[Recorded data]
========

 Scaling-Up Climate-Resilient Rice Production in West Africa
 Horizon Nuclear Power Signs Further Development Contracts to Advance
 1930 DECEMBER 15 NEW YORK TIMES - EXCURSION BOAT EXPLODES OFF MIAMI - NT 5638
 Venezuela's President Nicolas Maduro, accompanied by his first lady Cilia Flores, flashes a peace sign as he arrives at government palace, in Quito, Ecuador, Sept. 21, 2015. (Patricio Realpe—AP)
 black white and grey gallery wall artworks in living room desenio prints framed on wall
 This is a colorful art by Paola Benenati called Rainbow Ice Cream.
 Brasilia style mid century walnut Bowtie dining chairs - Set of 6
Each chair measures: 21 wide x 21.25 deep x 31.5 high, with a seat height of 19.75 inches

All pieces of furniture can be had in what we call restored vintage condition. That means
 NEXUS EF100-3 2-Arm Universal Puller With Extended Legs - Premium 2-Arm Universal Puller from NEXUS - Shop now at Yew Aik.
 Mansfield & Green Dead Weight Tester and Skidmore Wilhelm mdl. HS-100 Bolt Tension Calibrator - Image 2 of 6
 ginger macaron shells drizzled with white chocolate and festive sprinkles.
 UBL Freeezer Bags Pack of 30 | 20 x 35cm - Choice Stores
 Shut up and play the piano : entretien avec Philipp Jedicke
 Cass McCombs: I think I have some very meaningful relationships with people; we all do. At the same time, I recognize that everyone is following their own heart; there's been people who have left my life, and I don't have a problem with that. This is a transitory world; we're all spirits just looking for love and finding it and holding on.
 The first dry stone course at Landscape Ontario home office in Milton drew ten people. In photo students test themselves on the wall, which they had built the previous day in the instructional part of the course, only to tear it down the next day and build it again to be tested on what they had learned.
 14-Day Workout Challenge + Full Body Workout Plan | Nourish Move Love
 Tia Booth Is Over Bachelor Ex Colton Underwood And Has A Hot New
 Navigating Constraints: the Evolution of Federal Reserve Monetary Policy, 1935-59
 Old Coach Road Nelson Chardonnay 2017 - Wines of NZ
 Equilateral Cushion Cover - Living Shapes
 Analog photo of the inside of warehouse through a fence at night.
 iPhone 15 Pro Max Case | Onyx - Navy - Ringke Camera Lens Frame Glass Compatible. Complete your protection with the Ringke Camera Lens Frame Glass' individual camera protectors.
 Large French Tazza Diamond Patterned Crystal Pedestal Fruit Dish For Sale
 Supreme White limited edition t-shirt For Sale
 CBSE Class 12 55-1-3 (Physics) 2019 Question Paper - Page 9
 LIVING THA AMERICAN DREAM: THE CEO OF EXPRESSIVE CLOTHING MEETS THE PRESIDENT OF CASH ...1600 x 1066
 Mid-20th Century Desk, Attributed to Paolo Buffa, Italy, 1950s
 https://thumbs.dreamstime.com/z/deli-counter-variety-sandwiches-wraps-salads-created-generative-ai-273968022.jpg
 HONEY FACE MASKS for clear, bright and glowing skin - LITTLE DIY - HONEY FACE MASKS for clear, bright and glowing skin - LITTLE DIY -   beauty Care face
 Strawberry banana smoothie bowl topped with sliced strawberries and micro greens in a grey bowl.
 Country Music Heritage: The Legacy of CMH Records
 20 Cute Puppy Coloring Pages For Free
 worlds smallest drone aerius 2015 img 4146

========

→ Problem details:
For each line in the data above that contains the string "grey", extract the line.

→ Result below:
 black white and grey gallery wall artworks in living room desenio prints framed on wall
 Strawberry banana smoothie bowl topped with sliced strawberries and micro greens in a grey bowl.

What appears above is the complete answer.